Violência virtual

por Carlos Nader
Trip #112

Ninguém mais aguenta a criminalidade no Brasil. Mas quanto dela é real?

Outro dia, num restaurante, eu reencontrei um colega de infância, daqueles que a gente não vê há anos. Ele estava com a esposa, daquelas que a gente ainda nem conhece. E na euforia inicial do reencontro nós resolvemos sentar à mesma mesa.

Depois de alguns minutos de convivência com o casal, ficou evidente que eles só tinham uma coisa em comum. Os dois estavam casados com a pessoa errada. Ah, não, tinha também uma outra coisa. Os dois não aguentam mais a violência do mundo de hoje.

Não é das experiências mais digestivas perceber que a violência é o único assunto que o seu ex-amigo tem não só com a mulher dele, mas com você também. Paciência. As pessoas discutem as formas e as causas da violência desde que o mundo é narrado.

E, se as formas são hoje incontáveis, as causas acabam sendo reduzidas a duas. À esquerda, a violência contemporânea é vista como o resultado da terrível desigualdade social do país. É a opinião do meu amigo. À direita, violência é fruto da falta de uma repressão mais severa. É a opinião da esposa. São explicações pacificamente aceitas. Pena que elas não resistam às perguntas mais básicas.

Quem explica o fato estatístico de que simplesmente nunca houve tanta polícia, nunca houve tanta prisão, proporcionalmente? E quem explica o fato também estatístico de que a desigualdade social é das tradições mais estáveis do país, que quase não varia desde a época em que a tripulação do Cabral encontrou a tribo de Porto Seguro?

Deve haver razão mais definitiva para o crescimento aparente da violência. Algo que explique por que Washington tem ainda mais assassinatos que São Paulo, mesmo sendo mais policiada e menos socioeconomicamente injusta. Intuo que seja algo ligado ao que realmente diferencia nossa época de qualquer outra.
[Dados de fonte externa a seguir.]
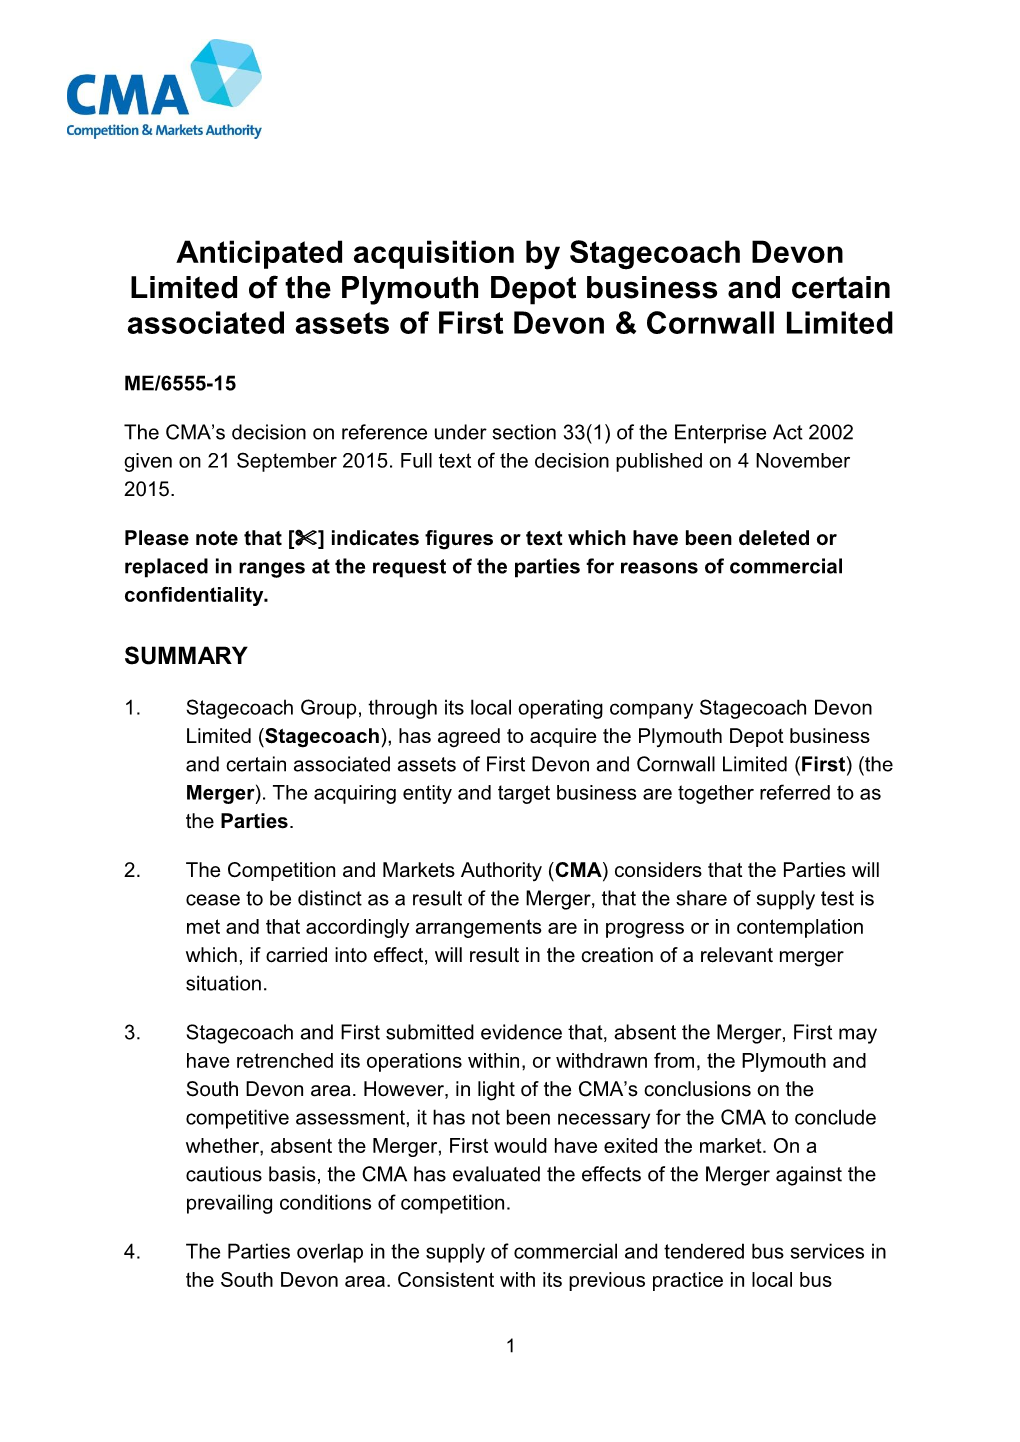 Stagecoach Devon/First Devon & Cornwall Full Text Decision

A vida mediada pelos meios de comunicação de massa.

Mas minha intuição é suspeita. Tão suspeita quanto a procura de uma razão só. Grandes questões costumam ter muitas respostas. Ou nenhuma. Então não vou mais pegar nenhuma vereda psicanalítica, nenhuma travessa sociológica para tentar entender a violência. Esta coluna já fez isso além da conta.

A violência é um enigma que não vai deixar de nos devorar tão cedo, e certamente não vai ser enquanto eu divido o sushi com um amigo de infância. Não é que eu queira deixar de conversar. Mas, se o tema é só uma desculpa para que a gente possa exercer um dos poucos instintos que nos fazem humanos, a comunicação, eu preferiria falar mais sobre o Zé Bonitinho. Ou sobre o Argemiro, um colega nosso que imitava o Freddie Mercury na sala de aula.

Conversa afiada 

Ninguém aqui está querendo negar o óbvio. A existência urbana no Brasil não é nenhum piquenique no Taiti. Necessita urgentemente de um saneamento básico, físico e espiritual. Só que, ainda mais que a vida nas ruas, as conversas é que andam intoxicadas pela violência. A violência virtual cresceu exponencialmente mais que a violência real.

Ainda no jantar, no intervalo entre o cafezinho e a conta, quando o papo murchou de vez, deu tempo de fazer uma reflexão rápida e rasteira. O que realmente me violenta no dia-a-dia? Cheguei à conclusão instantânea de que não é a violência estampada nos noticiários. Não é assassinato, sequestro, assalto. O que me violenta mesmo é a poluição. O individualismo automobilístico que destrói tecidos urbanos e pulmonares. A densidade desumana e desigual da população. A paisagem que não é nem suficientemente feia para ficar interessante.

É assim para quem mora em São Paulo. Para os outros, tem também a modalidade mais recente de poluição. A violência da informação. A overdose leviana de bytes diuturnamente despejados no cérebro do cidadão espectador. Mas só digo isso porque o tema de hoje é violência, e o tema de sempre é mídia.

Fui assaltado duas vezes na vida. Na primeira senti medo. Na segunda, tive pena do moleque de rua que fingia esconder um revólver embaixo da camisa rasgada. Claro que, como todo o mundo, sei de histórias escabrosas de violência física sofrida por conhecidos reais ou midiáticos, mas sei também que elas são uma minoria infinitesimal dentro do bem-estar calmo que é a maioria da existência, pelo menos da minha.

Não vou deixar usarem o medo para poluir meu espírito. Tampouco vou blindá-lo. Isso é que seria realmente violento. Então desculpem a conclusão ainda menos original que a conversa do jantar: a vida é boa. E dentro do carro, voltando para casa, no embalo dessa pieguice benigna, penso o seguinte, vou continuar dando mole para a vida, vou continuar dando chance para a paz, dentro de mim.